On Tue, Mar 11, 2025 at 12:41:52PM +0100, Amir Goldstein wrote:
> Pre-content hooks in page faults introduces potential deadlock of HSM
> handler in userspace with filesystem freezing.
>
> The requirement with pre-content event is that for every accessed file
> range an event covering at least this range will be generated at least
> once before the file data is accesses.
>
> In preparation to disabling pre-content event hooks on page faults,
> change those hooks to always use the mask MAY_ACCESS and add pre-content
> hooks at mmap() variants for the entire mmaped range, so HSM can fill
> content when user requests to map a portion of the file.
>
> Note that exec() variant also calls vm_mmap_pgoff() internally to map
> code sections, so pre-content hooks are also generated in this case.
>
> Link: https://lore.kernel.org/linux-fsdevel/7ehxrhbvehlrjwvrduoxsao5k3x4aw275patsb3krkwuq573yv@o2hskrfawbnc/
> Suggested-by: Josef Bacik <josef@toxicpanda.com>
> Signed-off-by: Amir Goldstein <amir73il@gmail.com>
> ---
>  mm/filemap.c |  3 +--
>  mm/mmap.c    | 12 ++++++++++++
>  mm/util.c    |  7 +++++++
>  3 files changed, 20 insertions(+), 2 deletions(-)
>
> diff --git a/mm/filemap.c b/mm/filemap.c
> index 2974691fdfad2..f85d288209b44 100644
> --- a/mm/filemap.c
> +++ b/mm/filemap.c
> @@ -3350,7 +3350,6 @@ static vm_fault_t filemap_fault_recheck_pte_none(struct vm_fault *vmf)
>  vm_fault_t filemap_fsnotify_fault(struct vm_fault *vmf)
>  {
>  	struct file *fpin = NULL;
> -	int mask = (vmf->flags & FAULT_FLAG_WRITE) ? MAY_WRITE : MAY_ACCESS;
>  	loff_t pos = vmf->pgoff >> PAGE_SHIFT;
>  	size_t count = PAGE_SIZE;
>  	int err;
> @@ -3370,7 +3369,7 @@ vm_fault_t filemap_fsnotify_fault(struct vm_fault *vmf)
>  	if (!fpin)
>  		return VM_FAULT_SIGBUS;
>
> -	err = fsnotify_file_area_perm(fpin, mask, &pos, count);
> +	err = fsnotify_file_area_perm(fpin, MAY_ACCESS, &pos, count);
>  	fput(fpin);
>  	if (err)
>  		return VM_FAULT_SIGBUS;
> diff --git a/mm/mmap.c b/mm/mmap.c
> index cda01071c7b1f..70318936fd588 100644
> --- a/mm/mmap.c
> +++ b/mm/mmap.c
> @@ -48,6 +48,7 @@
>  #include <linux/sched/mm.h>
>  #include <linux/ksm.h>
>  #include <linux/memfd.h>
> +#include <linux/fsnotify.h>
>
>  #include <linux/uaccess.h>
>  #include <asm/cacheflush.h>
> @@ -1151,6 +1152,17 @@ SYSCALL_DEFINE5(remap_file_pages, unsigned long, start, unsigned long, size,

I kind of hate that we keep on extending this deprecate syscall.

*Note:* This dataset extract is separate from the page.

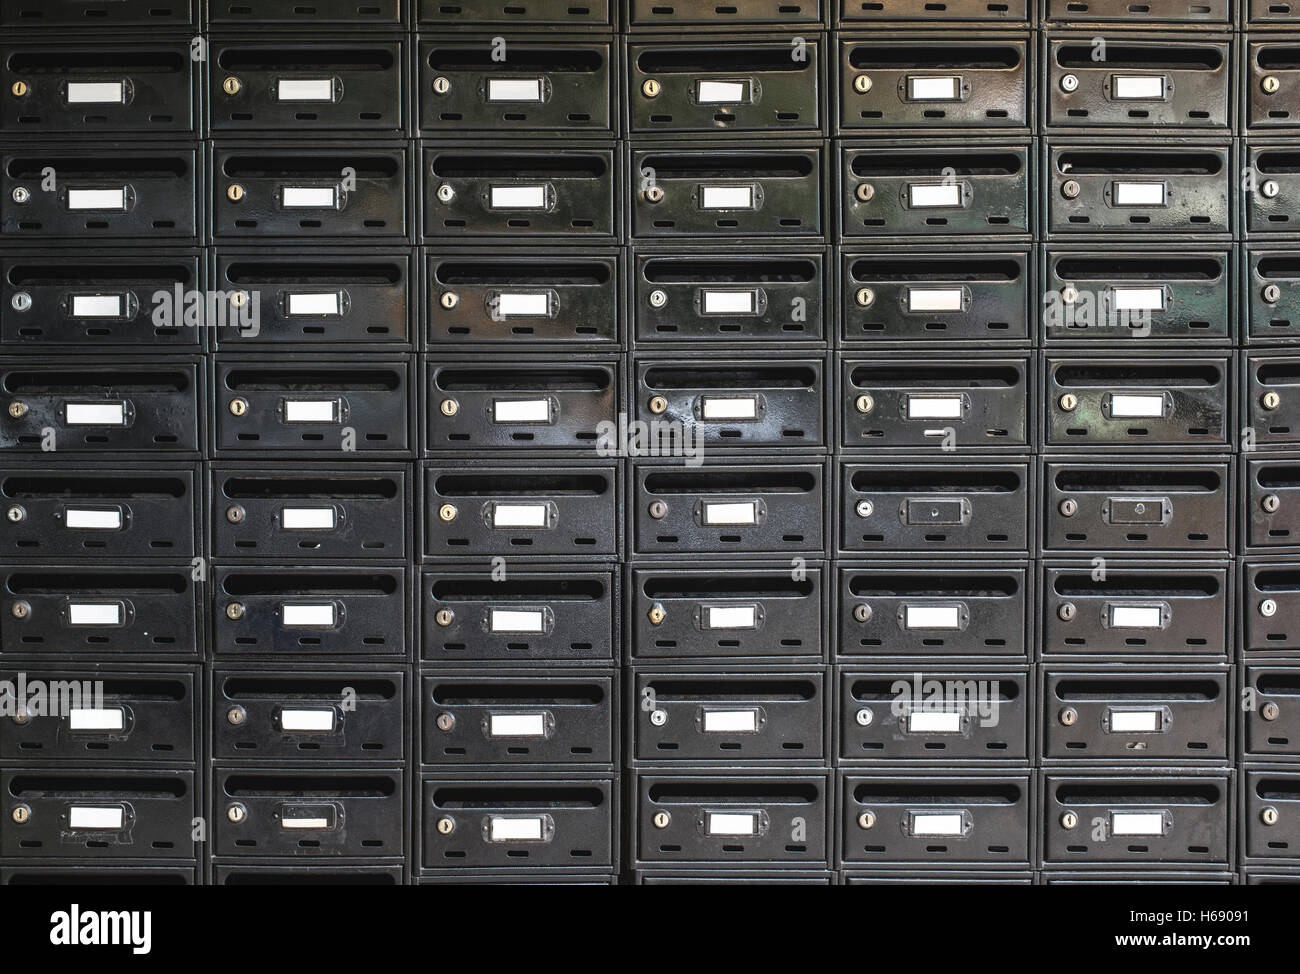 Beaucoup de boîtes aux lettres de couleur noire sur le mur Banque D'Images

Is it
truly necessary here?

>  		return ret;
>  	}
>
> +	if (file && unlikely(FMODE_FSNOTIFY_HSM(file->f_mode))) {

Is there a circumstance where file == NULL here? I mean get_file()
literally dereferences a field then returns the pointer, so that'd be a
null pointer deref?

Also I'm pretty sure it's impossible possible for a VMA to be VM_SHARED and
!vma->vm_file, since we need to access the address_space etc.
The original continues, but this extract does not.